2. Maheen noted that this piece has a “dystopian level urgency and desperation,” a feeling of intense focus on both a college essay and the act of focusing on the essay itself. How do you draw from the more mundane, usual elements of the world and spin them into larger problems, creating a story like this?

I like to think in terms of bigger pictures; that is, I like to think of the world as a generalization of mundane elements. When I put my mind to something such as an essay, I often find myself wondering about how the subject and the occasion (my own current circumstances) fit and work into an overarching theme; I find that whatever I am doing makes more sense and becomes more alive, more like something that reaches beyond me rather than something that just doesn’t matter. Even something like eating a bag of chips can make me think about how grateful I am for how blessed my life is. When I write, I just aim to connect the mundane element with the bigger picture.  This piece is one result of this. 
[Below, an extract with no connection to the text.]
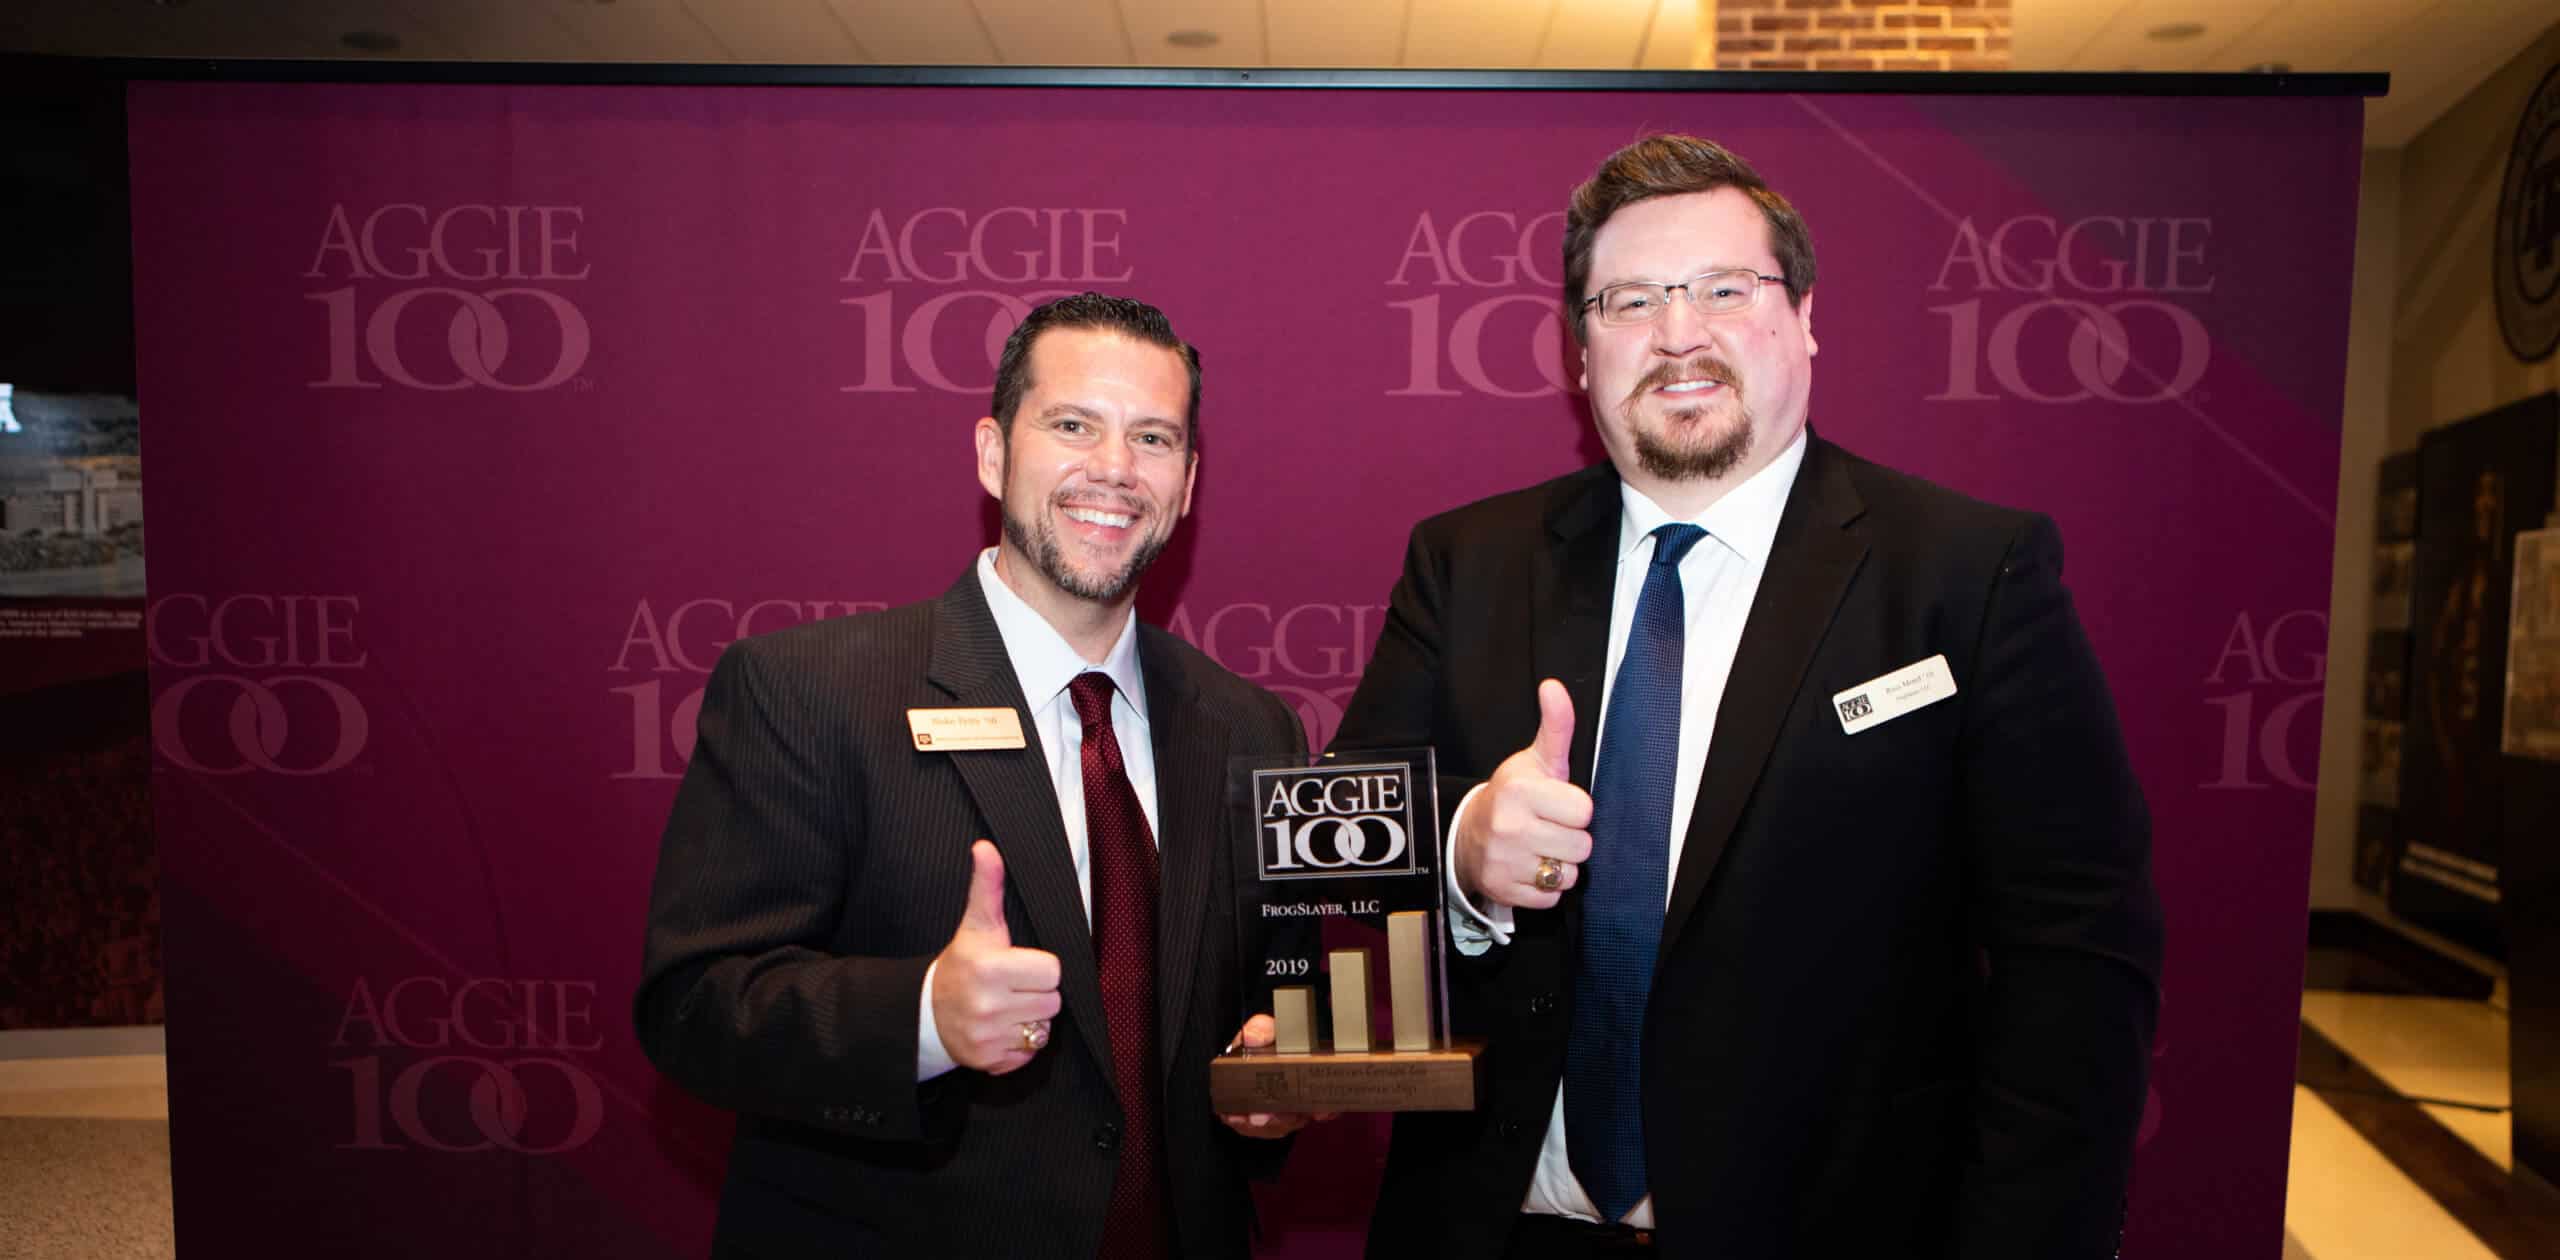 2019 Aggie 100 - Frogslayer CEO Ross Morel

3. You use highly specific time markers here: 3:06 and 3:47 especially caught my eye. These particular details allow us into the speaker’s story instead of simply any narrative of teenage insomnia, developing an atmosphere unique to this piece. How do you balance the general and the personal in your writing? How do you link them?

As I discussed previously, I like general ideas, so I usually start with the general idea and work inwards. My stories are inspired by personal events (hence the specific time markers), but they aren’t centered around them; most of the time, I start by thinking about the most general “case” of my experience. I find it hard to imagine my experiences as totally unique; I usually imagine them as subsets of general experiences, and then finish by layering my own experience (the time markers here) on top. I hope that this piece is very similar to many other people's experiences, and if so, then I think I’ve succeeded in grasping it.  
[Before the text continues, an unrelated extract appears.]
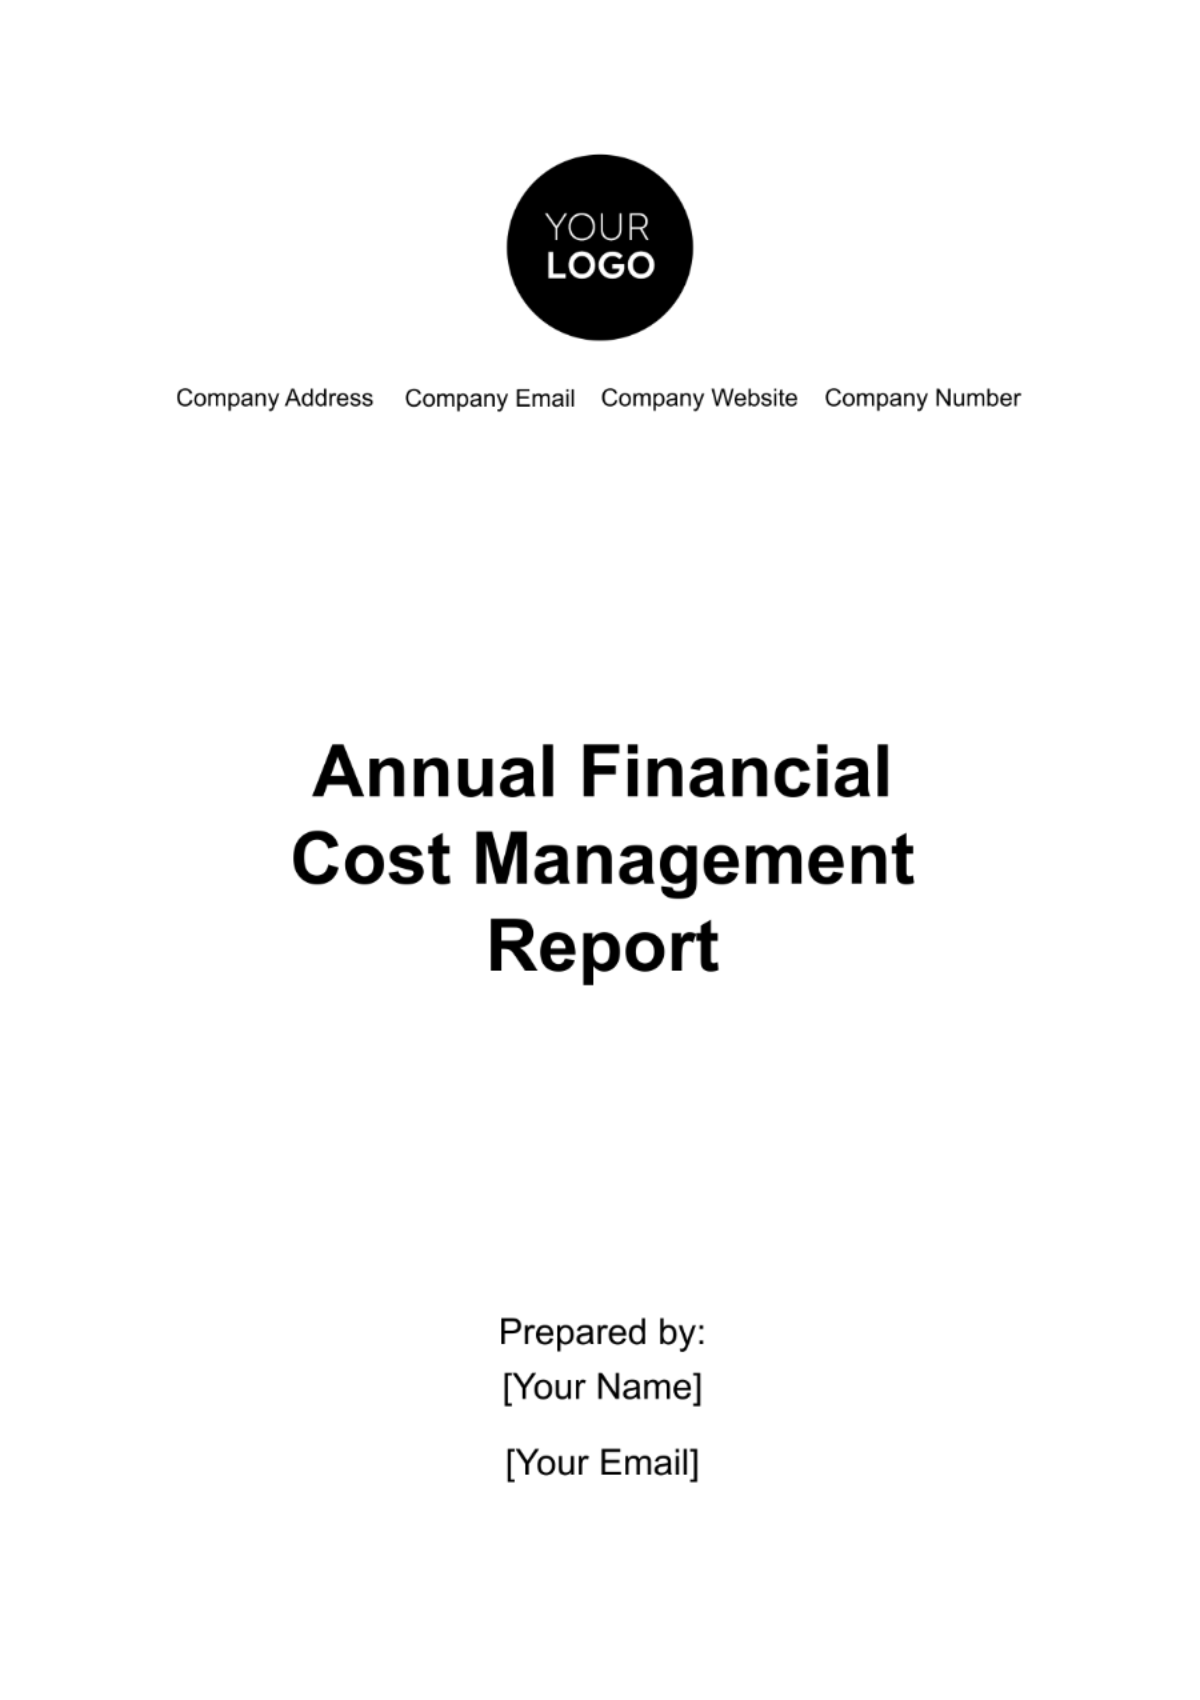 Annual Financial Cost Management Report Template

4. When do you know a story has run its course? 

This is difficult to answer because I always get the feeling that there’s more to tell even after I finish a piece. My pieces tend to run their course when I end up rambling and repeating myself too many times. More generally, I think that a piece has run its course when the piece begins to lose focus. I sometimes find myself adding too much detail, breaking the concision and grace of a piece; when this happens, I stop.